Less safety data than Semaglutide
Semaglutide has years of post-approval real-world data; Retatrutide's evidence is limited to trials, with no long-term safety record. The newer molecule is the less-characterised one.
Added glucagon-driven effects
Unlike single-receptor Semaglutide, Retatrutide's glucagon agonism produced a transient heart-rate increase in Phase 2 — a class effect absent from the GLP-1-only comparator.
Dose-dependent GI effects
Nausea, vomiting, diarrhoea and constipation rise with dose and rapid titration across the GLP-1/GIP/glucagon class. Both molecules share this signature.

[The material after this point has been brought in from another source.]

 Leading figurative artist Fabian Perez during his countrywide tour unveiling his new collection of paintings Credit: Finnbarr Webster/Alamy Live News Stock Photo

Who it would be inappropriate for
In any clinical context, GLP-1-class agonists are generally avoided with a personal/family history of medullary thyroid carcinoma or MEN 2, pancreatitis, or during pregnancy — decisions for a qualified clinician, not this page.
The verdict
Semaglutide proved the category. Retatrutide is the next chapter.

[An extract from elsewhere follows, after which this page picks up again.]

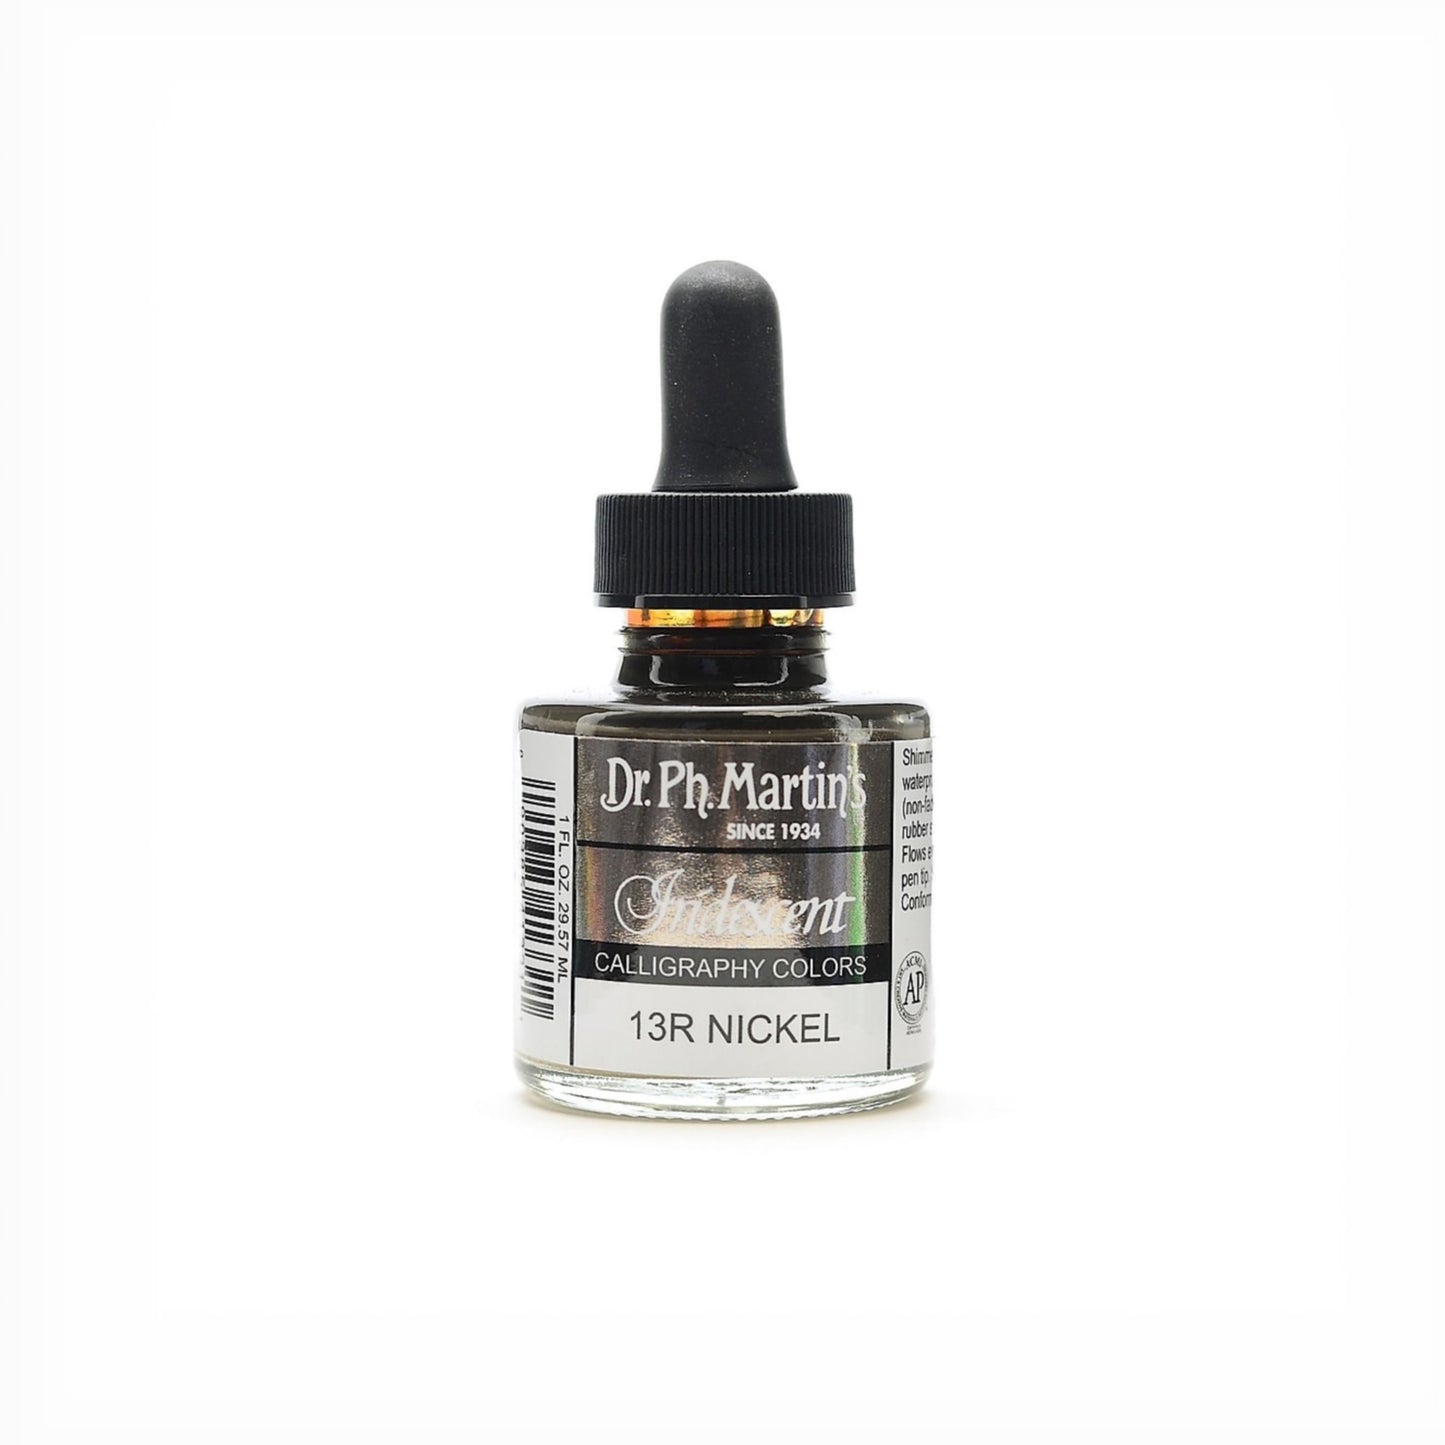 Dr. Ph. Martin's Iridescent Calligraphy Colors - Nickel by Dr. Ph. Martin’s - K. A. Artist Shop

Body Pharm Retatrutide pens are supplied in the UK for laboratory research — 32mg and 64mg multi-dose pens, cold-chain shipped, with batch COA on request.
Common Questions
Retatrutide vs Semaglutide FAQ.
Is Retatrutide more effective than Semaglutide?
Phase 2 Retatrutide data reported ≈24% mean body weight reduction at 48 weeks at 12mg, vs ≈15% for Semaglutide at 2.4mg in STEP-1 over 68 weeks. These are cross-trial comparisons, not head-to-head.
Is Retatrutide the same as Ozempic?
No. Ozempic and Wegovy are brand names for Semaglutide, a single GLP-1 agonist made by Novo Nordisk. Retatrutide is a separate Eli Lilly molecule acting on three receptors (GLP-1, GIP and glucagon).
Why does Retatrutide work harder on weight loss?
The added glucagon receptor agonism is hypothesised to increase basal energy expenditure and accelerate hepatic fat reduction, on top of the appetite and gastric-emptying effects shared with Semaglutide.
Is Retatrutide approved in the UK?
Not yet. Retatrutide is investigational and supplied for in-vitro research only. Semaglutide (Wegovy, Ozempic) is MHRA approved.